According to Mathew White, SITA’s VP APAC Geography Services Operations: “Any IT business continuity plan must be grounded on four key foundation principles, with everything else built on that.”

The first principle is simple, says White. “It’s important to have a plan that works and not one that’s merely spoken about.

“That means a well-designed technical solution to ensure business availability, including the use of redundant technology. Second, you need to have a way of implementing preventative maintenance and proactive monitoring.”

Principles three and four, according to White, are that organizations must carry out a business impact and threat/risk analysis as well as putting into place a rapid recovery system, including consideration for regular testing of systems and processes.


What greatly supports system resiliency is geographic diversity, whereby servers are in different countries and even perhaps on different continents. Of course, cloud services use this approach.

Mathew White, VP Geography Services Operations, SITA


What’s clear, explains White, is that you must start with a regular failover testing schedule or ensure your high availability solution is working as designed. Here, dummy scenarios are frequently enacted to test system resiliency. Playing a crucial part in the success of failover testing is the build design.

“This relates to the duality that’s built into the design – dual lines, dual power, dual everything – to ensure great resiliency,” says White.

“What also greatly supports system resiliency is geographic diversity,” he continues, “whereby servers are in different countries and even perhaps on different continents.”


SITA’s VP Service Operations Manuel Garcia-Fernandez believes that being dual-equipped, while consistently carrying out failover testing, is an important step towards a vision of zero downtime for the air transport industry.

He regards a redundancy set up – especially redundancies across geographies – as a vital part of this.

“Both capability and flexibility come into play; the capability of being able to do it, with the flexibility of it being able to deliver what’s best,” says Garcia-Fernandez.

Cloud infrastructure and services offer a perfect example. With their rising popularity, this type of redundancy setup will soon be the norm. In parallel, the inclusion of a consistent and a well-established failover schedule will contribute to better mitigate and address outages when they happen.

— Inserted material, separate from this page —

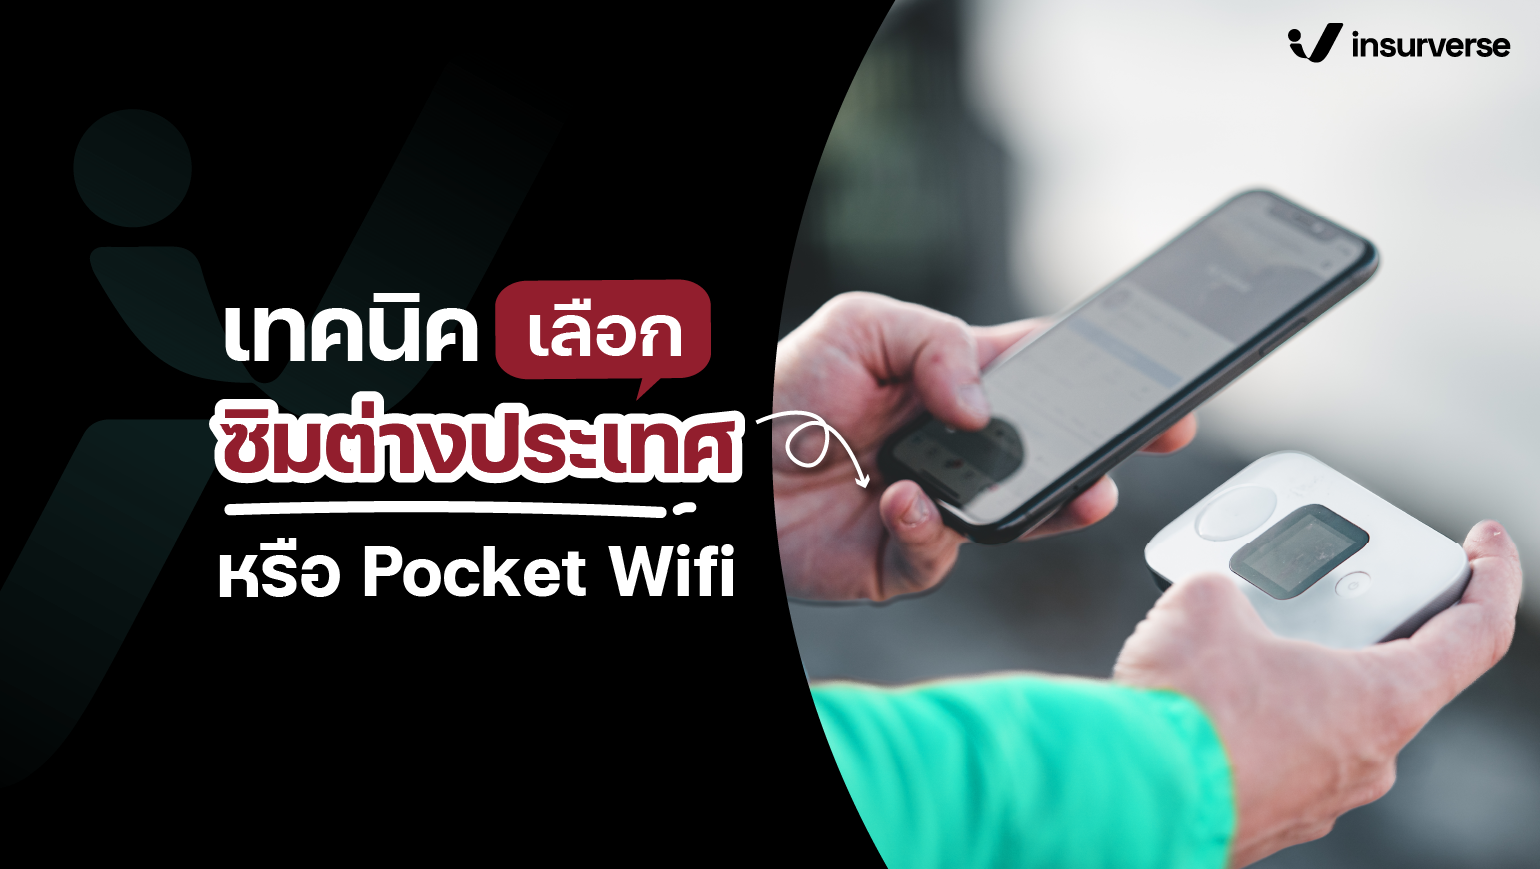 เทคนิคเลือกใช้ซิมต่างประเทศหรือ Pocket Wifi ให้มีเน็ตใช้ที่ต่างประเทศ
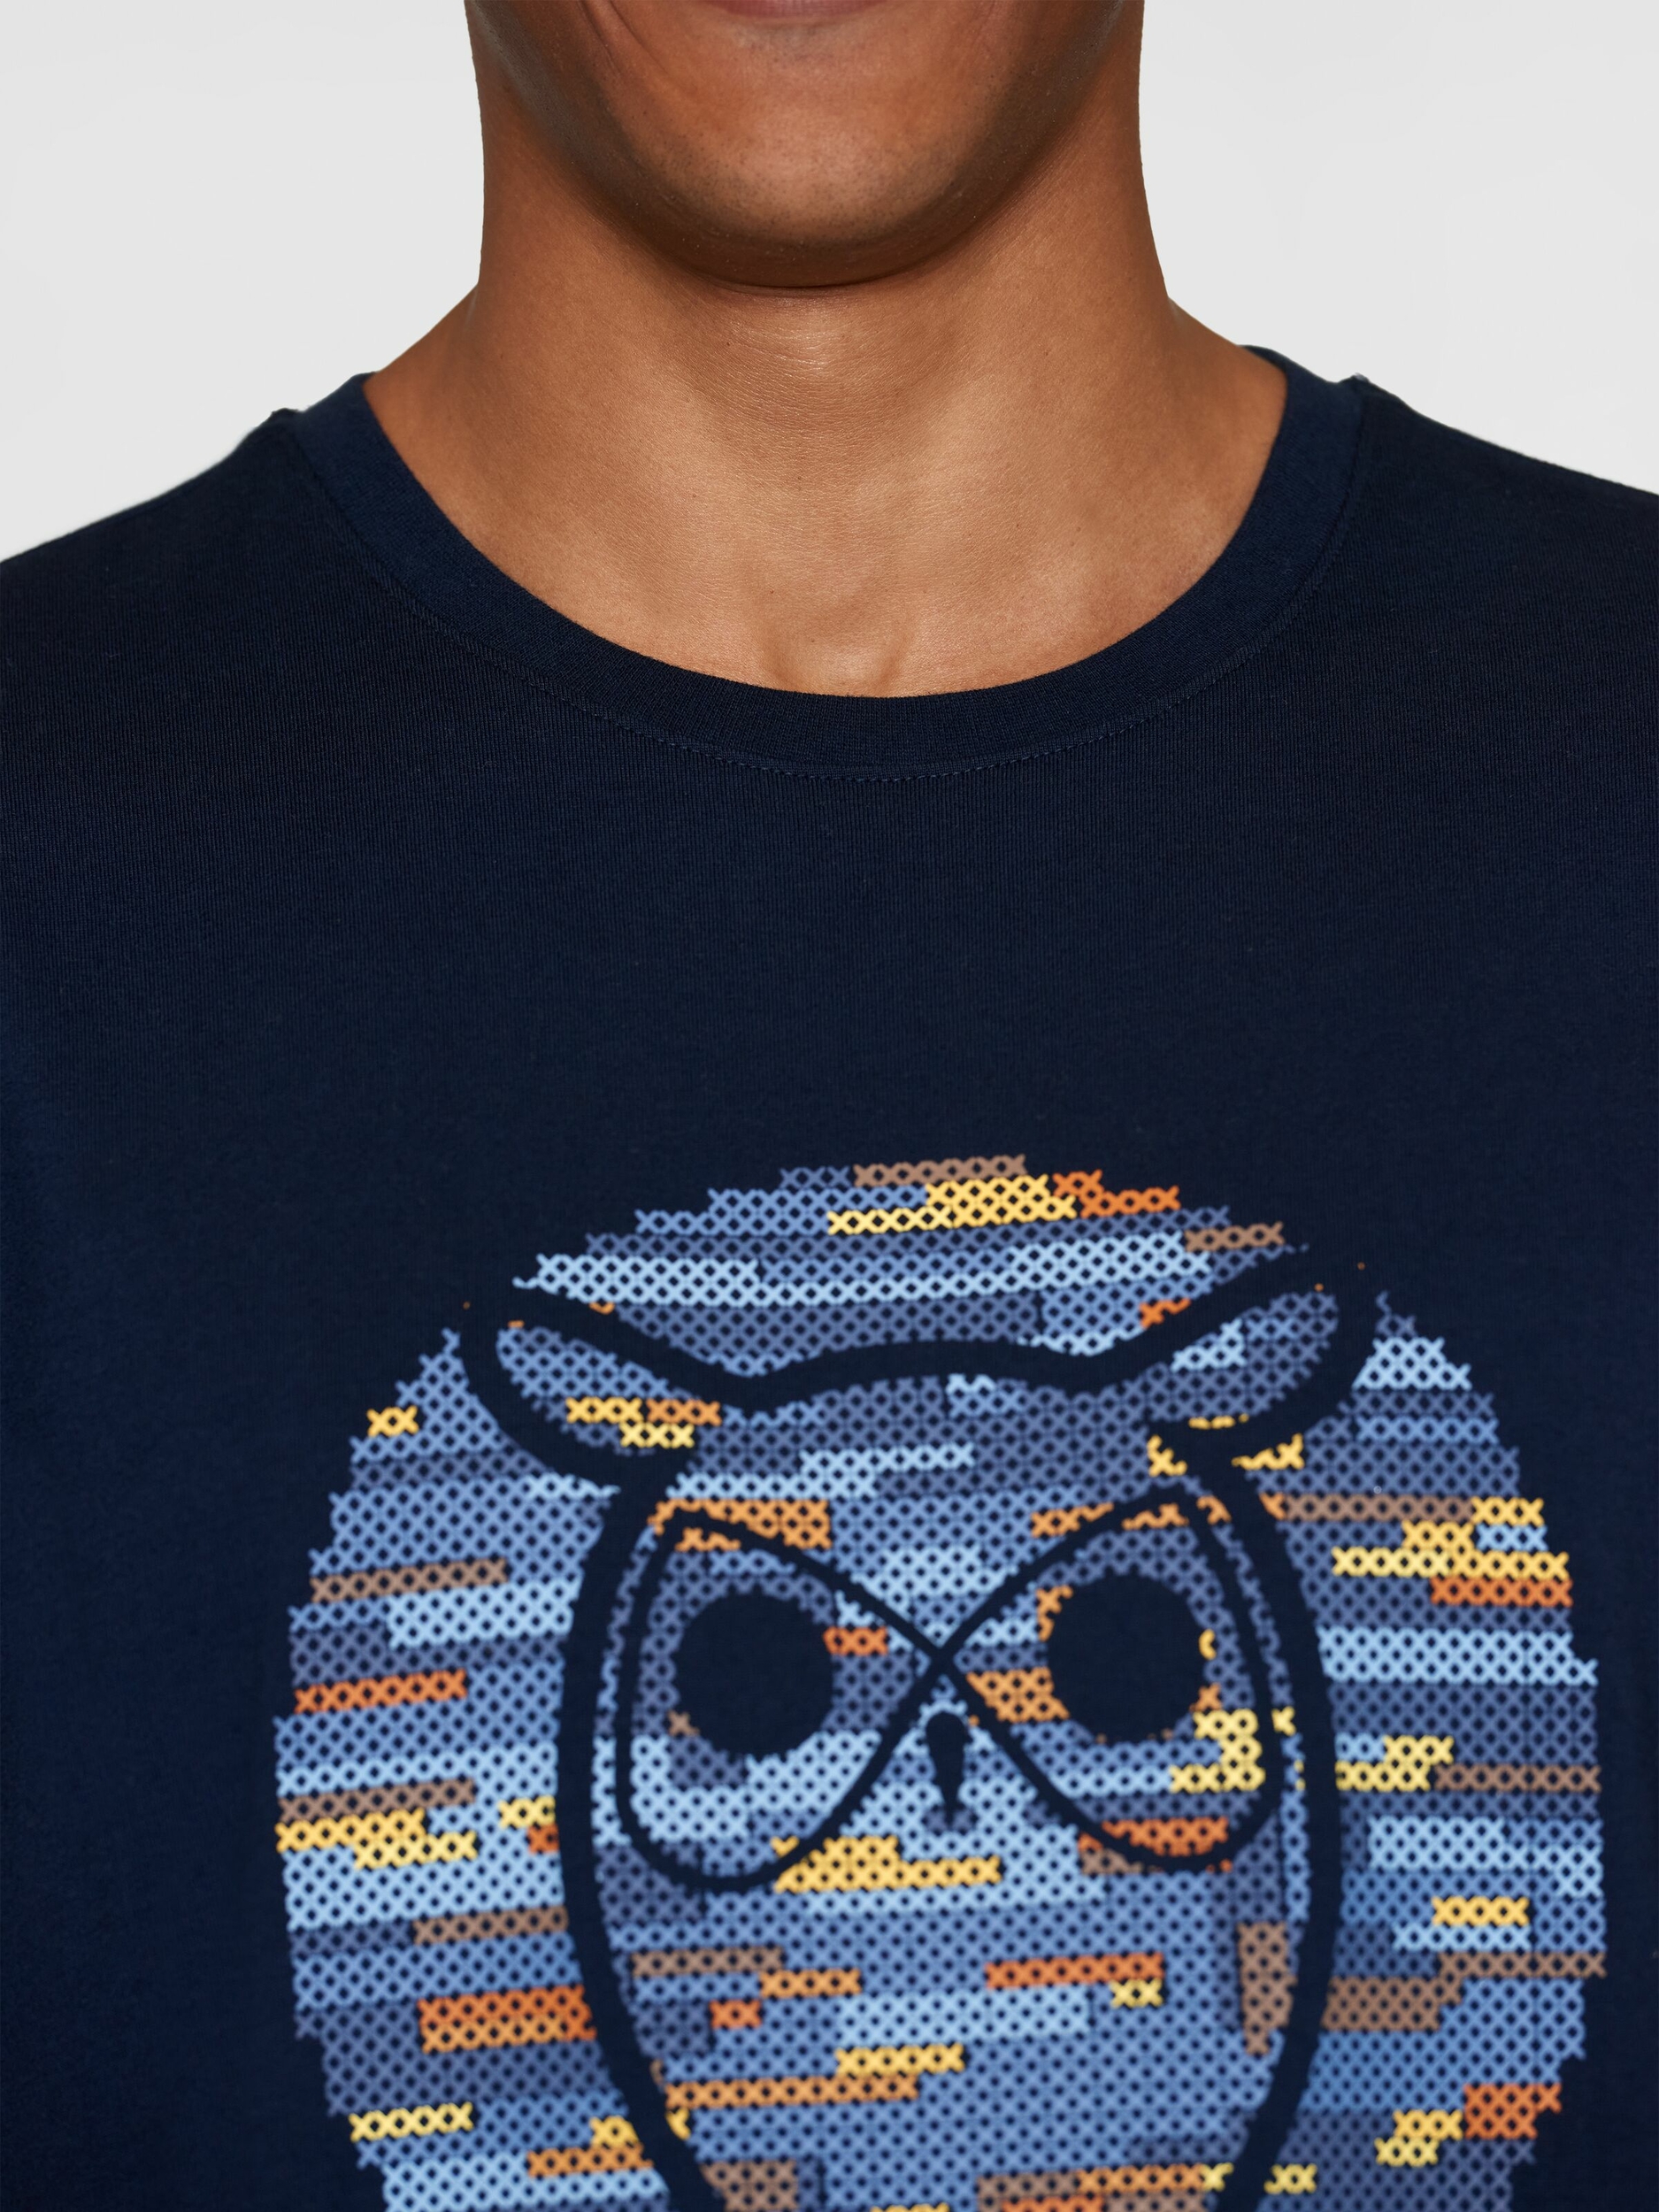 T-shirt Hibou cross stitch - bleu marine - coton biologique - Knowledge Cotton Apparel 04

Here, disaster recovery solutions or shared host access, are made possible across different cloud locations. So if one area fails, the recovery solution effectively takes over in another location, ensuring no break in service.

Risk reduction

Risk is inherent in anything that’s delivered for the air transport industry, including ‘technological unpredictabilities’.

Reducing risk requires:

  • Implementing a risk assessment program
  • Ensuring a comprehensive monitoring capability
  • Incorporating a service management role
  • Assessing the business impact

“Put simply, risk assessment is about considering specific areas of high potential linked with high business impact and then working on solutions to reduce this,” White explains.

It requires a constant consideration of where future failures may arise, the likelihood of the failure occurring and the potential outcomes that may result.

Alongside this there must be a comprehensive monitoring capability that enables your service to be both proactive and preventative.

“This gives you a ‘view into the future’ and allows you time to be prepared – a valuable asset needed during any incident,” explains White.

“You can't always have the resiliency you want for various reasons. So you've got to have risk mitigation around that fact, with plans to continually look and whenever you can, work towards a resiliency solution that’s best for your business.”

Service management is the face of services provided to customers. The purpose of creating this role is to enhance the organization’s ability to work closely with customers on regular improvement plans.

In the view of Garcia-Fernandez, these plans enable service managers and their customers to assess any potential risks, especially those relating to a single point of failure and areas of improvement going forward.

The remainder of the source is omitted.